= S. M. Guraddi =

Indian politician

S. M. Guraddi, formally known as Shri Shivashankarappa Mallappa Guraddi, was a prominent political figure from Karnataka who served as a Member of Parliament representing the Bijapur (now Vijayapura) constituency during the 8th Lok Sabha from 1984 to 1989. A dedicated member of the Janata Party, he emerged as a significant opposition leader during a period dominated by the Indian National Congress.

== Political career ==
His political journey began much earlier at the state level, where he was elected to the Karnataka Legislative Assembly in 1962 from the Muddebihal constituency. Throughout his career, he was recognized for his deep-rooted connection to the agrarian community of Northern Karnataka and his ability to bridge local grievances with national policy discussions.

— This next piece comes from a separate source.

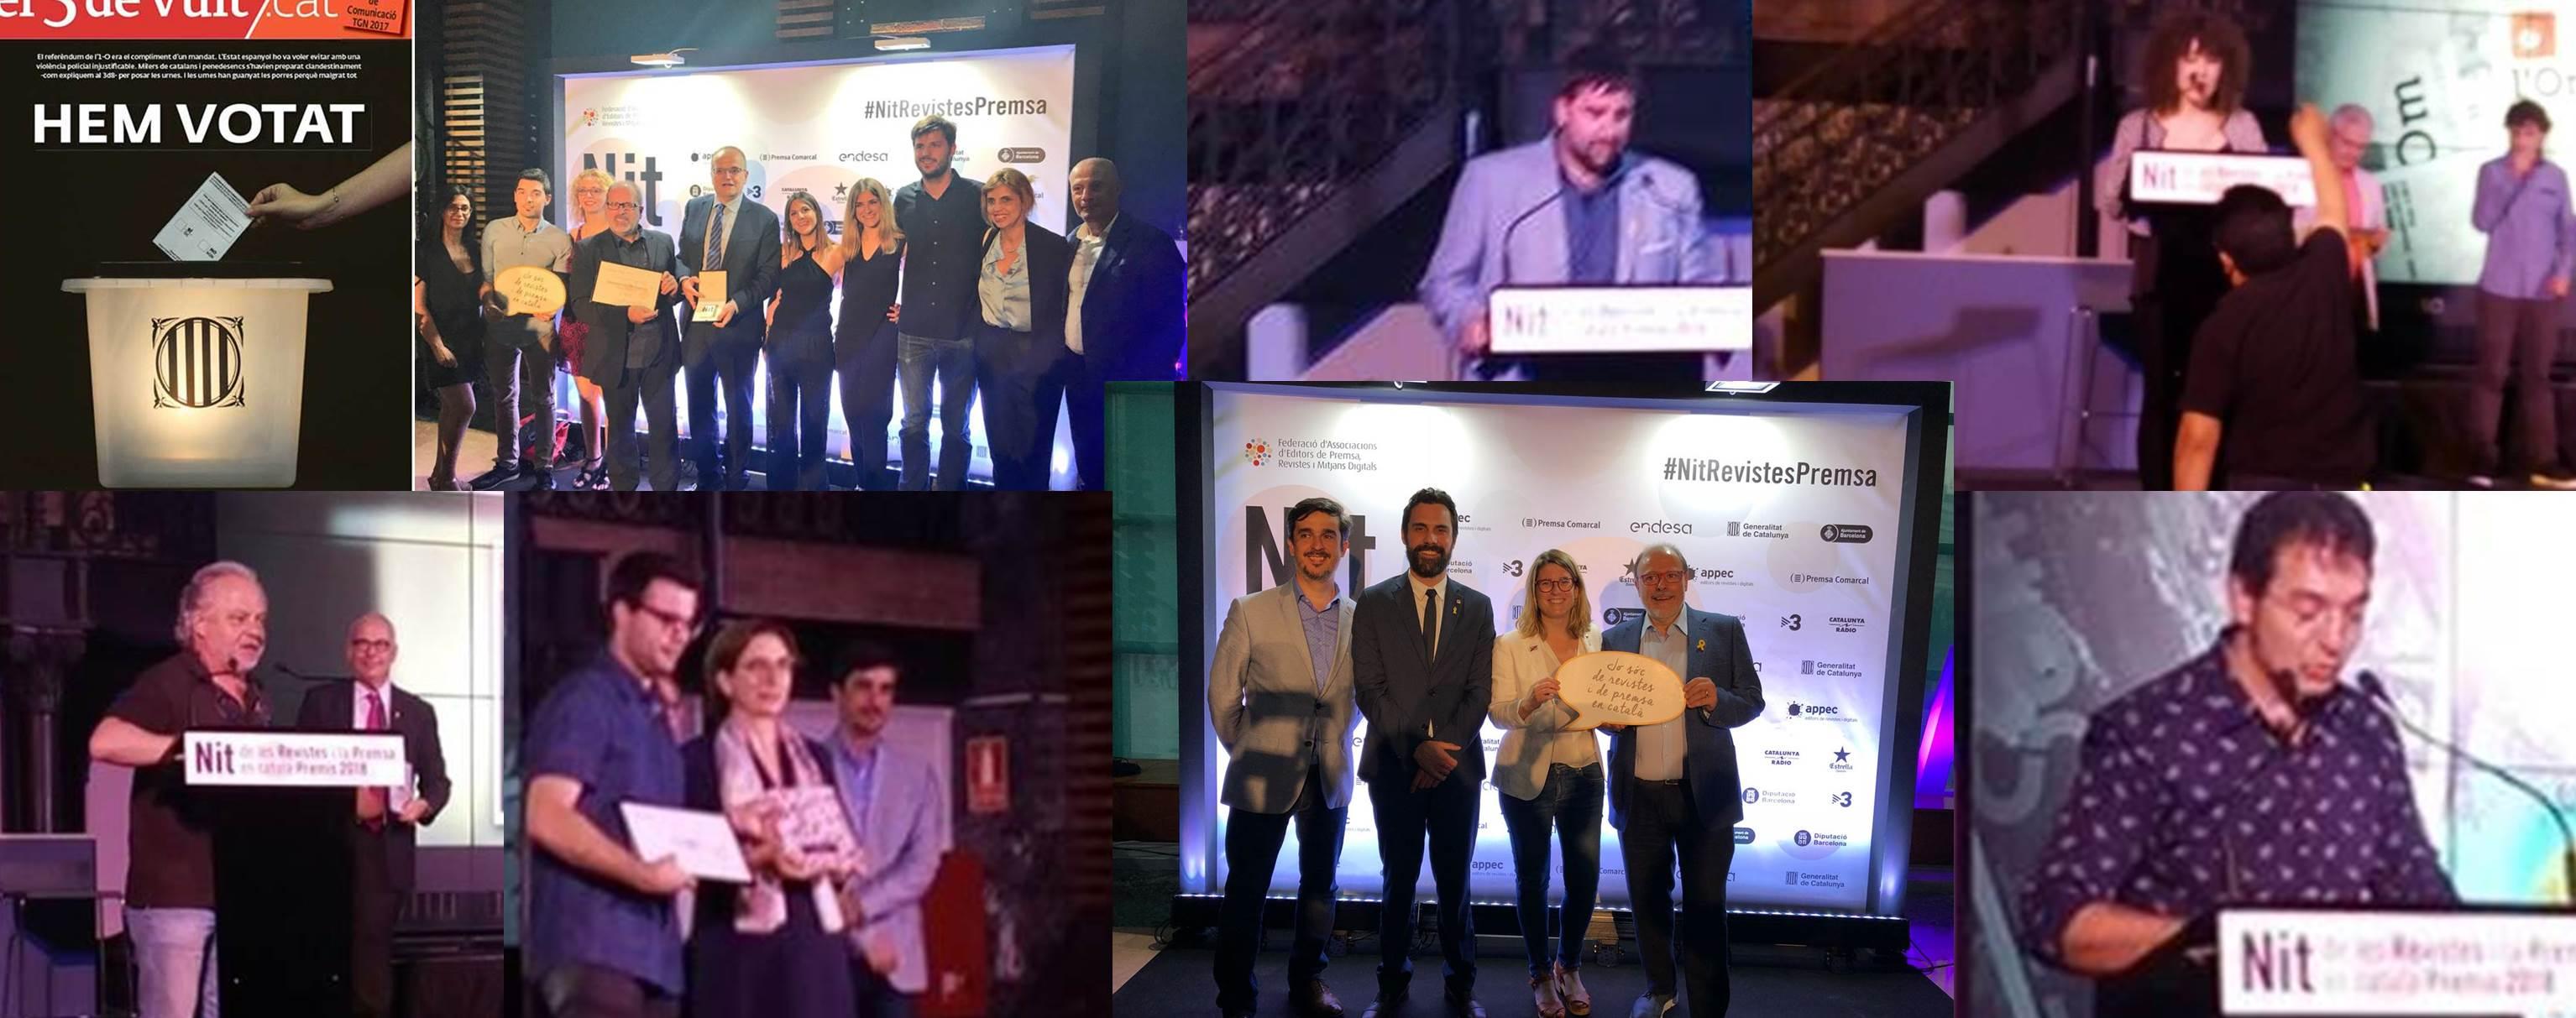 Les publicacions de l'ACPC acaparen premis a la Nit de la Premsa en Català

In the halls of Parliament, Guraddi was an exceptionally active legislator, frequently challenging the government on matters of both regional development and national security. He was a persistent advocate for agricultural stability, often questioning the Ministry of Food and Civil Supplies regarding the procurement prices of wheat, rice, and bajra to ensure fair returns for farmers. Beyond agriculture, he showed a keen interest in technological and infrastructural advancement, pushing for the expansion of rural telephone exchanges and the modernization of inland waterways. He also demonstrated a strong stance on sovereignty and defence, notably raising alarms regarding the distribution of incorrect Indian maps by foreign embassies and inquiring into the production of sophisticated navigational systems for the armed forces.

Guraddi’s influence extended into the cooperative and social sectors of Karnataka as well. He played a pivotal role in local governance and financial institutions, notably serving as the President of the Sarakari Naukarara Sahakari Bank Niyamit in Vijayapura. His leadership was celebrated during the bank's 75th-anniversary milestone in 1987, an event attended by then-Chief Minister Ramakrishna Hegde, which underscored Guraddi's status as a respected elder statesman in the state. Even after his tenure in the Lok Sabha, his contributions remained highly regarded; upon his passing in late 2007, the Lok Sabha paid him a formal obituary tribute on November 29, 2007, acknowledging his lifelong commitment to public service and the welfare of the people of Karnataka.